Creating Train and Test Dataset
In this example, we use the first 400 elements of the feature set array as a test set and the rest of the data as a train set. Generally, 80/20 percent is a fair split between training and testing set, i.e. 80 percent training set and 20 percent testing set.
print (len(feature_set)) # Output: 2000
test_set = feature_set[:400]
train_set = feature_set[400:]
print (len(train_set)) # Output: 1600
print (len(test_set)) # Output: 400
Training a Classifier
Now, we train a classifier using the training dataset. There are different kind of classifiers namely Naive Bayes Classifier, Maximum Entropy Classifier, Decision Tree Classifier, Support Vector Machine Classifier, etc.
In this example, we use the Naive Bayes Classifier. It’s a simple, fast, and easy classifier which performs well for small datasets. It’s a simple probabilistic classifier based on applying Bayes’ theorem. Bayes’ theorem describes the probability of an event, based on prior knowledge of conditions that might be related to the event.
from nltk import NaiveBayesClassifier
classifier = NaiveBayesClassifier.train(train_set)

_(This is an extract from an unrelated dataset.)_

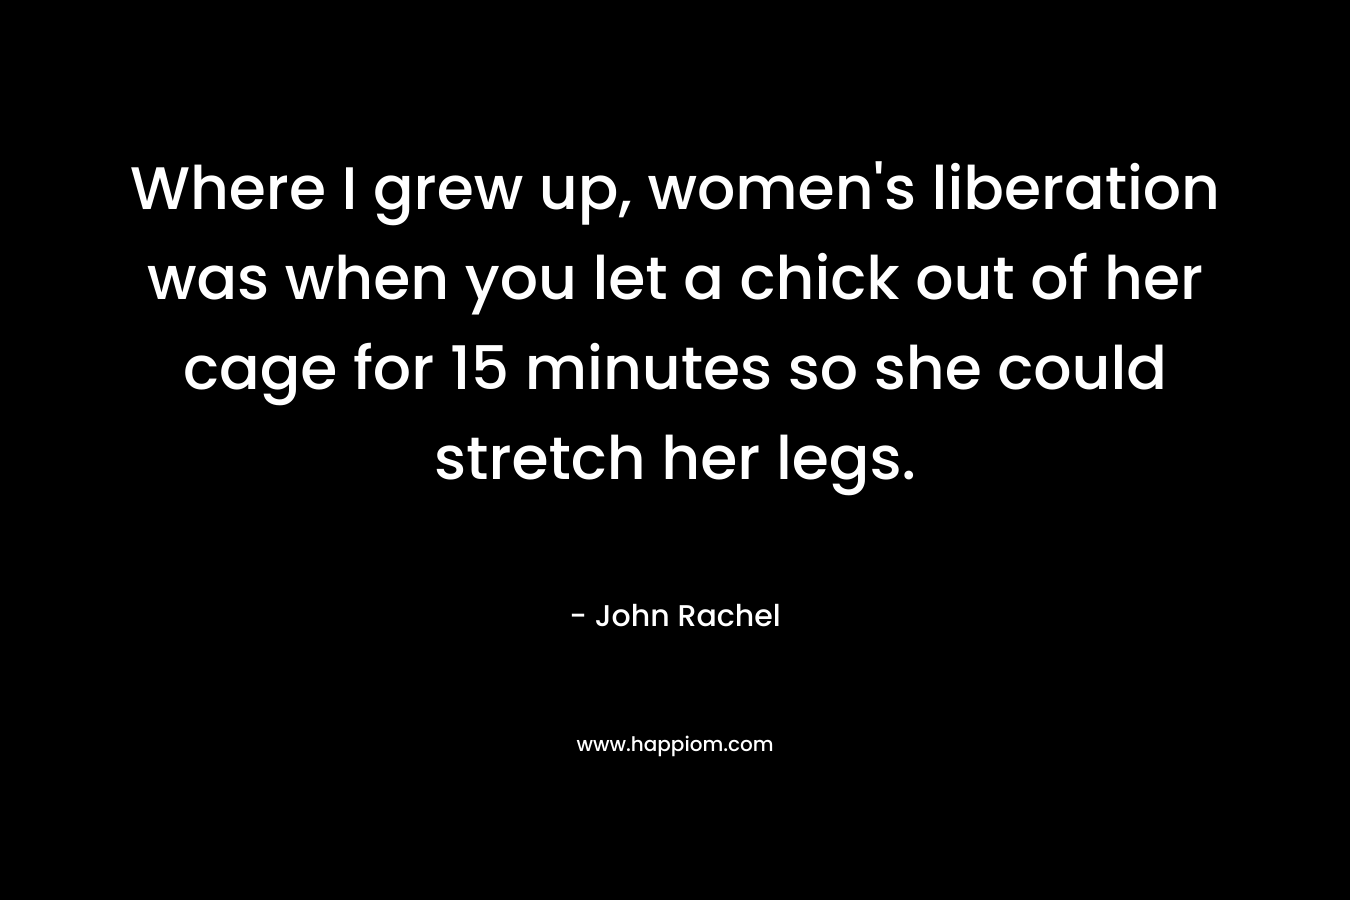 Where I grew up, women’s liberation was when you let a chick out of her cage for 15 minutes so she could stretch her legs. – John Rachel
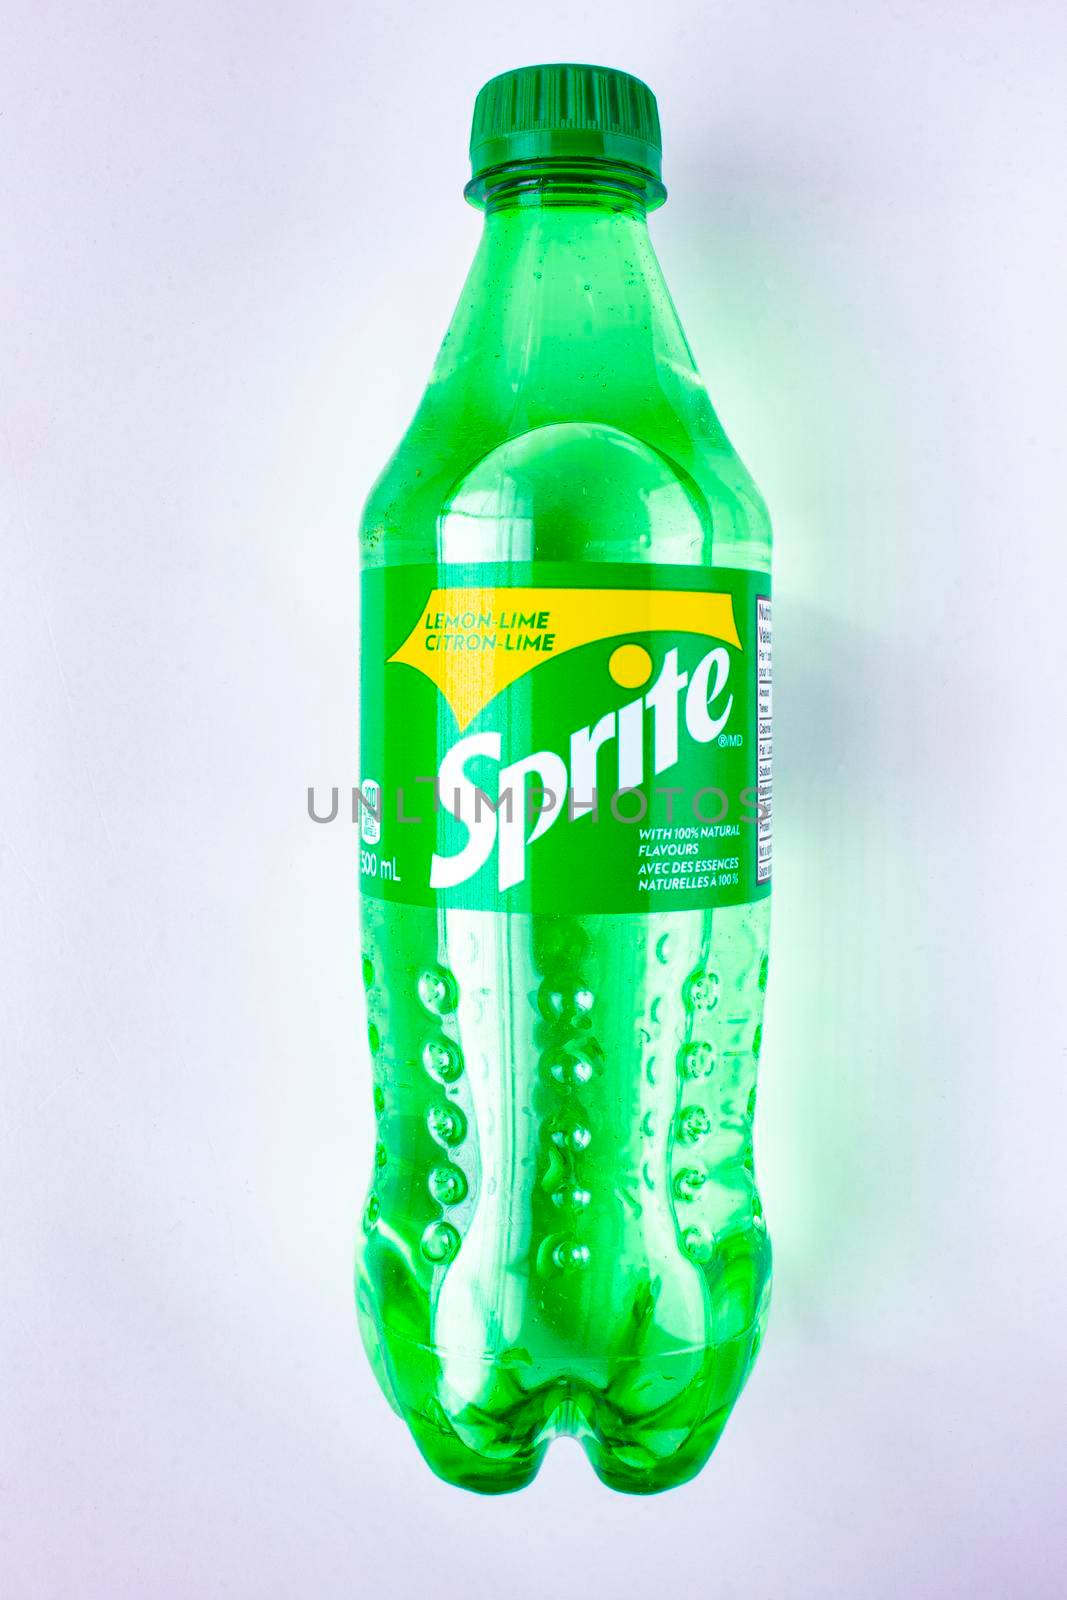 Calgary, Alberta, Canada. Oct 22. 2020. A Flat lay of a Sprite on white background.

Testing the trained Classifier
Let’s see the accuracy percentage of the trained classifier. The accuracy value changes each time you run the program because of the names array being shuffled above.
from nltk import classify
accuracy = classify.accuracy(classifier, test_set)
print (accuracy) # Output: 0.77
Let’s see the output of the classifier by providing some custom reviews.
from nltk.tokenize import word_tokenize
custom_review = "I hated the film. It was a disaster. Poor direction, bad acting."
custom_review_tokens = word_tokenize(custom_review)
custom_review_set = document_features(custom_review_tokens)
print (classifier.classify(custom_review_set)) # Output: neg
# Negative review correctly classified as negative
# probability result
prob_result = classifier.prob_classify(custom_review_set)
print (prob_result) # Output: <ProbDist with 2 samples>
print (prob_result.max()) # Output: neg
print (prob_result.prob("neg")) # Output: 0.999989264571
print (prob_result.prob("pos")) # Output: 1.07354285262e-05
custom_review = "It was a wonderful and amazing movie. I loved it. Best direction, good acting."
custom_review_tokens = word_tokenize(custom_review)
custom_review_set = document_features(custom_review_tokens)
print (classifier.classify(custom_review_set)) # Output: neg
# Positive review is classified as negative
# We need to improve our feature set for more accurate prediction
# probability result
prob_result = classifier.prob_classify(custom_review_set)
print (prob_result) # Output: <ProbDist with 2 samples>
print (prob_result.max()) # Output: neg
print (prob_result.prob("neg")) # Output: 0.999791868552
print (prob_result.prob("pos")) # Output: 0.000208131447797
Let’s see the most informative features among the entire features in the feature set.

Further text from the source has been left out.